Oxidative stress and inflammatory cascade are two critical pathogeneses in liver injury induced by intestinal I/R. Intestinal I/R can induce leukocyte (including neutrophils and lymphocytes) infiltration into the liver and results in an oxidative stress in sinusoids that contributes to subsequent hepatocellular injury[19]. It has been proposed that activated Kupffer cells and infiltrating neutrophils producing oxygen radicals and chemical inflammatory mediators such as TNF-α and IL-6 are involved in the gut I/R induced neutrophil accumulation in the liver[9]. TNF-α is regarded as the most important proinflammatory cytokine which contributes to both morbidity and mortality in inflammation cascade. Because the biological effects of TNF-α both in the liver and elsewhere, it has been widely used as an indicator of liver injury[9]. Further, MDA as an indicator of lipid peroxidation was determined in the present study[19]. We now demonstrated that serum TNF-α and liver MDA were increased after intestinal I/R. This is consistent with previous studies from our and other laboratories[7-9].

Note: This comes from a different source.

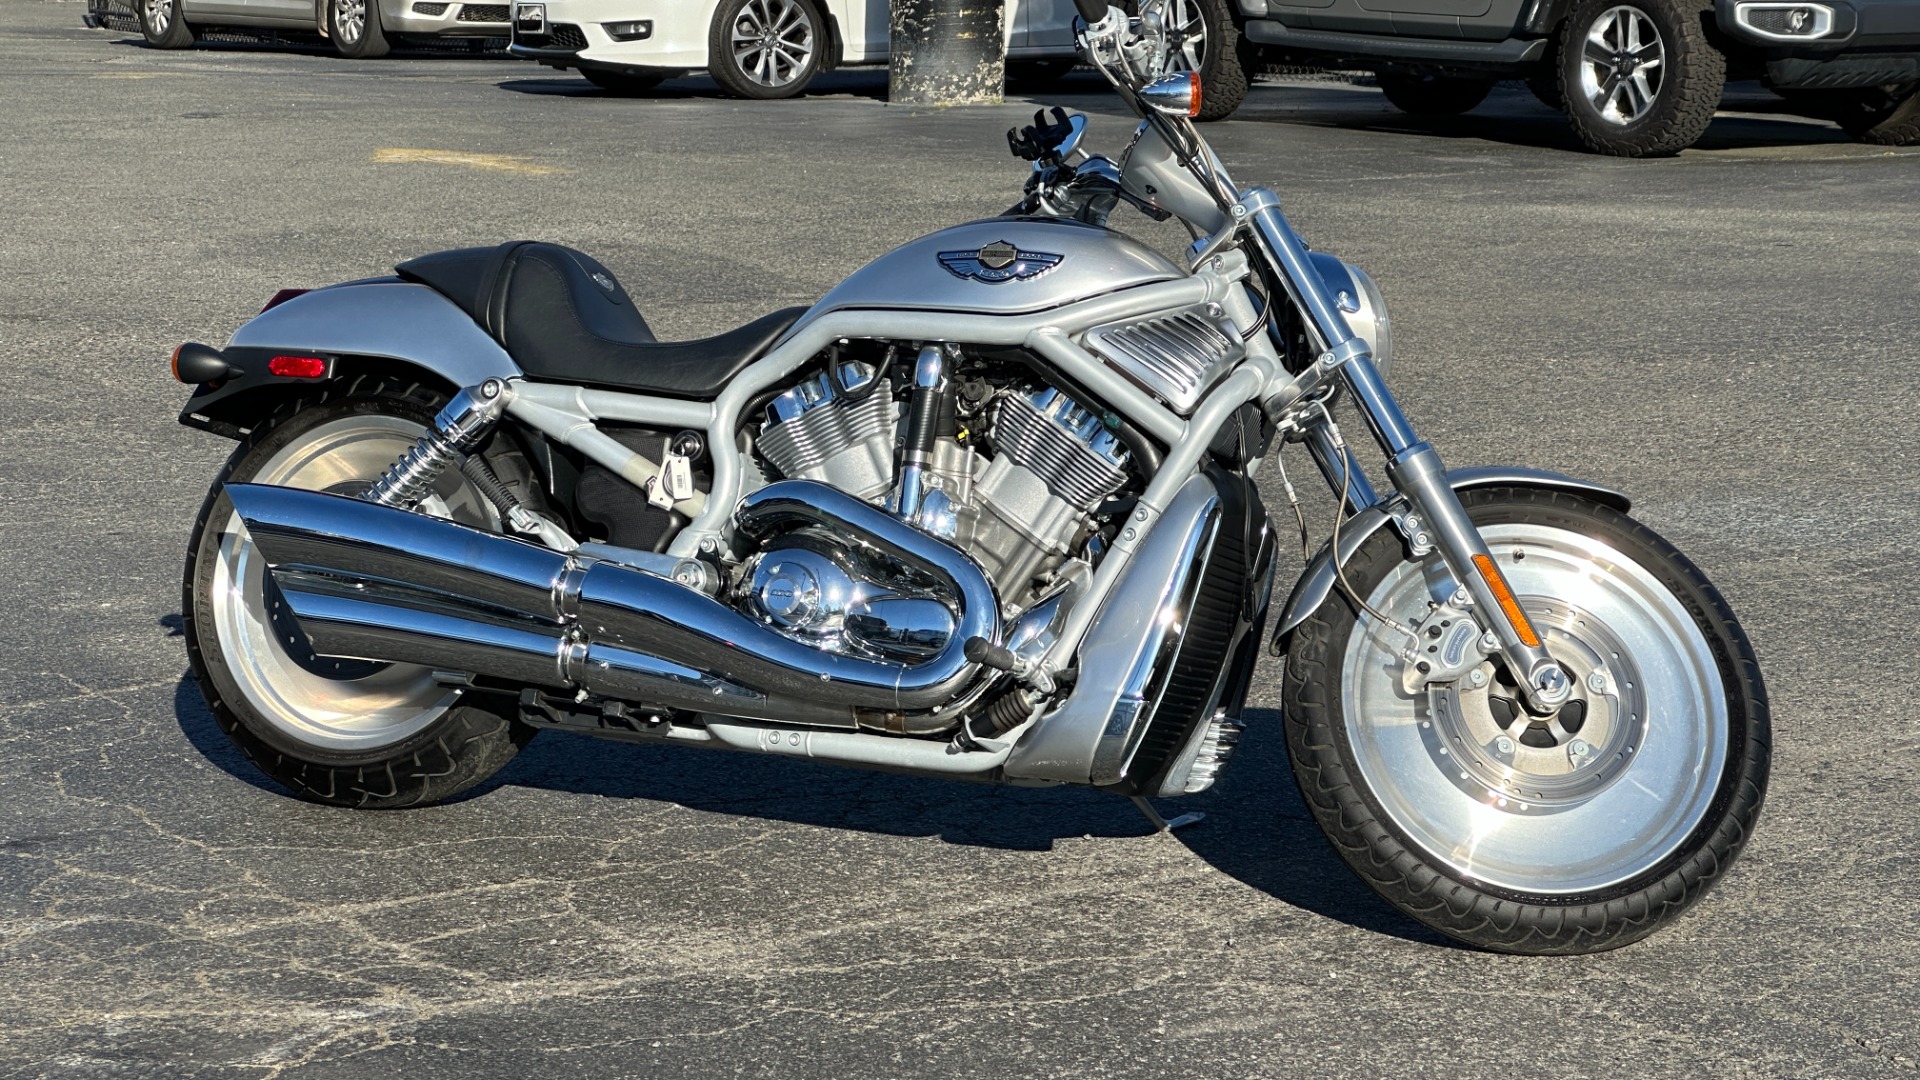 Used 2003 Harley Davidson V Rod ANNIVERSARY EDITION / 1130CC ENGINE / BREMBO BRAKES / VORTEX AIR SCOOPS for sale $7,695 at Formula Imports in Charlotte NC 28227 62

Autophagy is a lysosome-mediated degradative pathway of cellular mechanisms for degrading misfolded proteins[10]. The execution of autophagy involves three critical proteins including LC3 II, P62/SQSTM1, and Beclin 1[20-22]. Autophagy not only plays a crucial role in normal liver but also diseased liver. Moderate autophagy is benefit for cell survival against various stress stimulations. Nevertheless, excessive activation of autophagy results in cell death[23,24]. Autophagy also exhibits dual roles in different disease circumstances and also links to oxidative stress and inflammatory reaction[11,12]. Previous studies indicated that autophagy is a cellular self-protective mechanism against oxLDL-induced injury[13]. In the current study, decreased expression of essential autophagy regulators (decrease of Beclin 1 and LC3 II and increase of P62) was observed in rat liver challenged by intestinal I/R. FO induced this self-protective mechanism, which manifested as an increase of rat liver autophagy in case of intestinal I/R. Similarly, FO also induced this self-protective mechanism in HepG2 cells in the presence of I/R. Our results suggested that FO conferred liver protection and amplified the activation of autophagy during intestinal I/R.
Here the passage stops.